Возвратившись в дом Терри, мы разошлись по своим комнатам удивляться, насколько быстро человеческое сердце способно захлопываться, и размышлять, осмелимся ли мы его когда-нибудь снова открыть. Но всего через пару дней, побуждаемый то ли смертью Кэролайн, то ли завываниями черного пса в имении его сердца, то ли скорбью, вытеснившей все разумные мысли, то ли тем, что хотя он всю жизнь размышлял о смерти, но так и не смирился с неизбежностью собственной, отец внезапно вынырнул из вызванного горем гипноза и объявил свой последний план. Как и предсказывал Эдди, этот его план оказался самым безумным. Всю жизнь, наблюдая, как отец принимал одно невероятное решение за другим и в каком-то смысле становился жертвой каждого, я больше всего удивлялся тому, что еще не потерял способности удивляться.
ЧАСТЬ СЕДЬМАЯ
I
— Я не хочу здесь умирать, — заявил отец.
— В чем дело? Тебе не нравится твоя комната? — спросил Терри.
— Комната прекрасная. В этой стране.
Мы втроем ели куриную лапшу и любовались сквозь загрязненную мегаполисом атмосферу закатом солнца. Отца, как всегда, тошнило, но он умел показать, что это реакция не на еду, а на нашу компанию.
— Мы вообще не хотим, чтобы ты умирал. Правда, Джаспер?
— Не хотим, — согласился я и, выждав целых тридцать секунд, добавил: — Во всяком случае, не теперь.
Отец вытер рукавом уголки губ.
— Я хочу умереть дома.
— Когда ты говоришь дома, то имеешь в виду…
— Австралию.
Мы с Терри со страхом переглянулись.
— Послушай, дружок, — медленно произнес дядя, — это же просто непрактично.
— Знаю. И тем не менее собираюсь домой.
Терри тяжело вздохнул и заговорил — спокойно и настойчиво, словно мягко выговаривал умственно неполноценному сыну, который столь жарко обнимал любимую кошечку, что задушил до смерти:
— Марти, ты понимаешь, что произойдет, когда твой самолет приземлится в Австралии? Тебя арестуют прямо в аэропорту. — Отец не ответил. Он знал, что будет именно так. А Терри тем временем не унимался: — Желаешь умереть в тюрьме? Добьешься, если полетишь домой.
— Нет, я не хочу умереть в тюрьме.
— Значит, решено, — обрадовался Терри. — Будешь умирать здесь.
— У меня другая идея, — заявил отец. Последние проблески надежды исчезли — я понял, что нам не светит ни мирная смерть, ни последующие семейные похороны и умеренный траур. Что бы ни надвигалось, это будет опасно, безумно и аморально и приведет меня на грань сумасшествия.
— Что ты предлагаешь, Марти?
— Мы въедем в Австралию так же тайно, как уехали из нее.
— Каким способом?
— По морю, — пояснил отец. — Я в курсе, что ты знаком с теми, кто занимается контрабандой людьми.

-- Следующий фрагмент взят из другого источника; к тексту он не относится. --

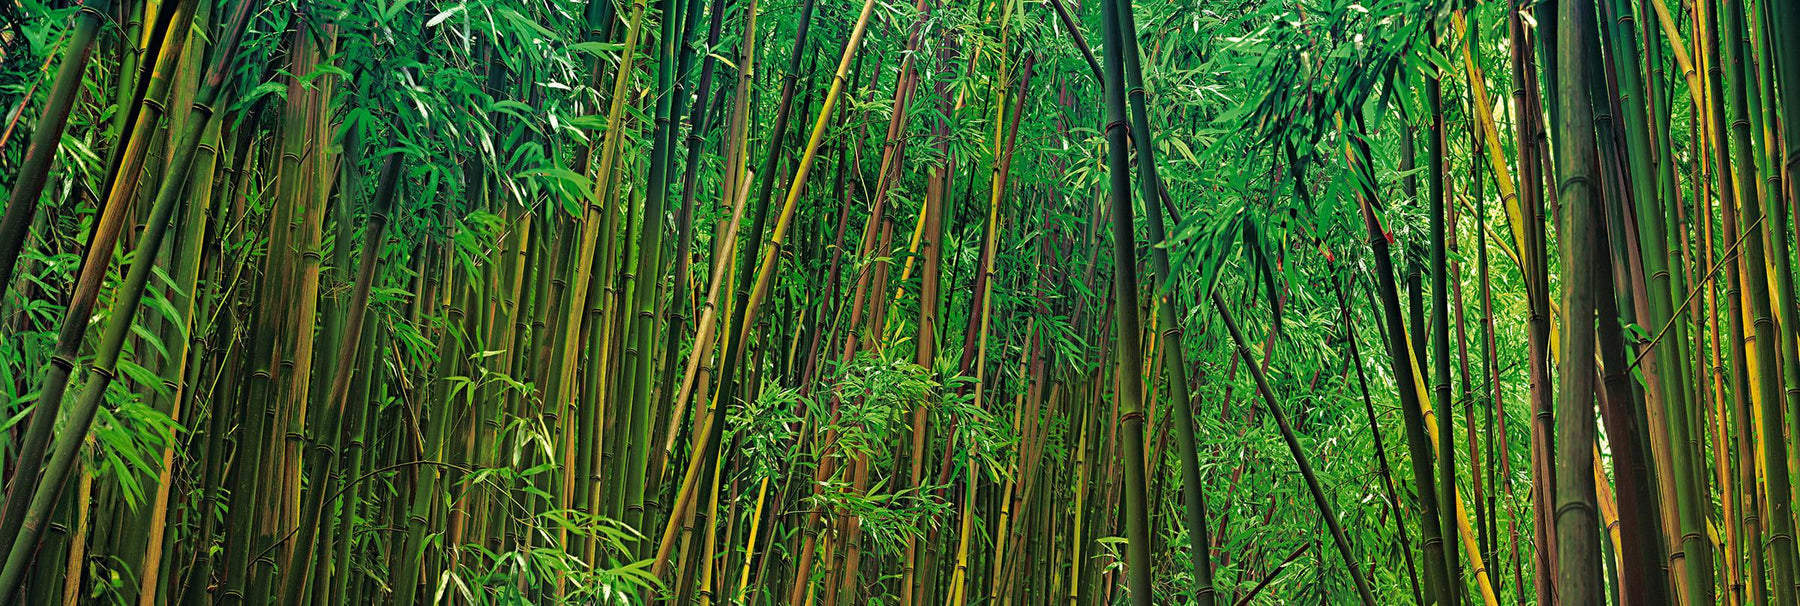 Walls of green and yellow bamboo in the rainforest of Hana Hawaii

— Ты спятил! Разве можно рисковать жизнью только ради того, чтобы умереть в Австралии? Ты же ее ненавидишь!
— Я отдаю себе отчет, что это лицемерие мирового уровня, но мне плевать. Я соскучился по родине. Мне не хватает ее пейзажей и их запахов. Я скучаю даже по своим соотечественникам и по тому, как от них пахнет.
— Осторожнее! — предупредил я отца. — Твой последний шаг будет прямым противоречием всему, что ты думал, говорил и во что верил.
— Понимаю, — ответил он почти весело. Его это нисколько не волновало. Пришедшая в голову идея словно придала ему сил. Отец поднялся и, слегка покачиваясь, смотрел на нас, глазами призывая спорить, чтобы тут же отмести любые возражения.
— Разве не ты мне говорил, что национализм — это болезнь? — предпринял попытку я.
— И придерживаюсь того же мнения. Но как выяснилось, я заразился этой болезнью вместе со всеми другими. И теперь не вижу смысла лечиться от малого недуга в то время, как умираю от серьезного.
Что на это было ответить?
Мне требовалась помощь авторитетов большого калибра. К счастью, отец привез с собой целый чемодан книг, и я нашел необходимую цитату в изрядно потрепанном томике «Здорового общества» Фромма. Но, войдя в отцовскую спальню, обнаружил, что он в туалете, так что пришлось читать через дверь.
— Слушай, папа: «Тот, кто не освободился от оков крови и отечества, не вполне родился человеком; его способность любить и мыслить убога; он не ощущает ни себя, ни своего ближнего в его или своей человеческой реальности».